Ara
to avoid
01
kaçınmak, uzak durmak
to intentionally stay away from or refuse contact with someone
Transitive: to avoid sb
Example
To prevent a confrontation, he tried to avoid his ex-girlfriend at the party.
Bir çatışmayı önlemek için, partide eski kız arkadaşından kaçınmaya çalıştı.
She avoided her neighbors after their recent argument.
Son tartışmalarından sonra komşularından kaçındı.
1.1
sakınmak
to keep away from or deliberately not do something
Transitive: to avoid an action or situation
Example
They avoid smoking as it's detrimental to their health.

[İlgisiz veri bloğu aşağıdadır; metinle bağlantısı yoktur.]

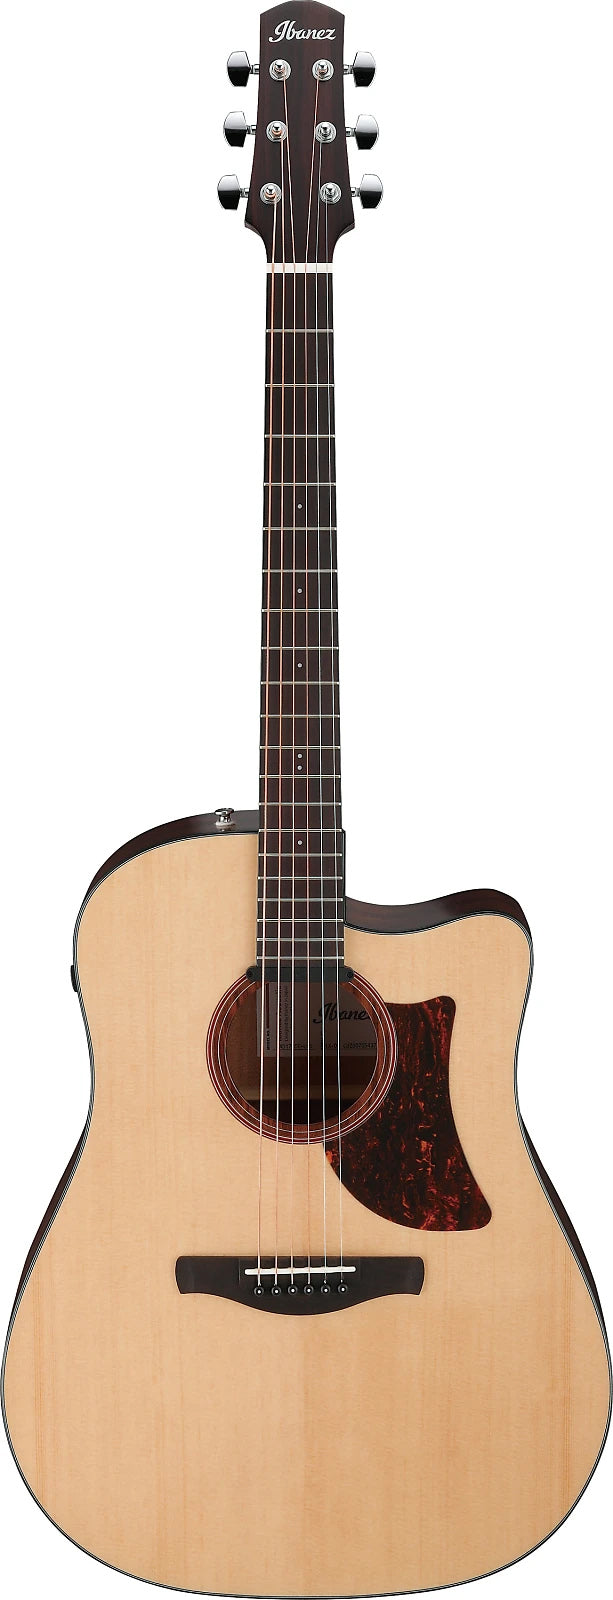 Ibanez AAD170CE-LGS Acoustic Guitar Advanced Acoustic Series Grand Dreadnought Cutaway

Sağlıklarına zararlı olduğu için sigara içmekten kaçınırlar.
The doctor advised him to avoid excessive sugar intake.
Doktor ona aşırı şeker alımından kaçınmasını tavsiye etti.
02
önlemek
to stop something from taking place or occurring
Transitive: to avoid an undesirable occurrence
Example
The safety measures in place are designed to avoid accidents in the workplace.
Uygulamadaki güvenlik önlemleri, iş yerinde kazaları önlemek için tasarlanmıştır.
She left early to avoid getting caught in the heavy traffic.
Ağır trafiğe yakalanmamak için erken ayrıldı.
03
iptal etmek, geçersiz kılmak
to cancel or invalidate a legal agreement, decision, or contract
Transitive: to avoid a legal agreement or decision
Example
The judge avoided the contract, declaring it legally unenforceable.
Yargıç, sözleşmeyi iptal etti ve yasal olarak uygulanamaz ilan etti.
The treaty was avoided after evidence of fraud emerged.
Dolandırıcılık kanıtları ortaya çıktıktan sonra antlaşma iptal edildi.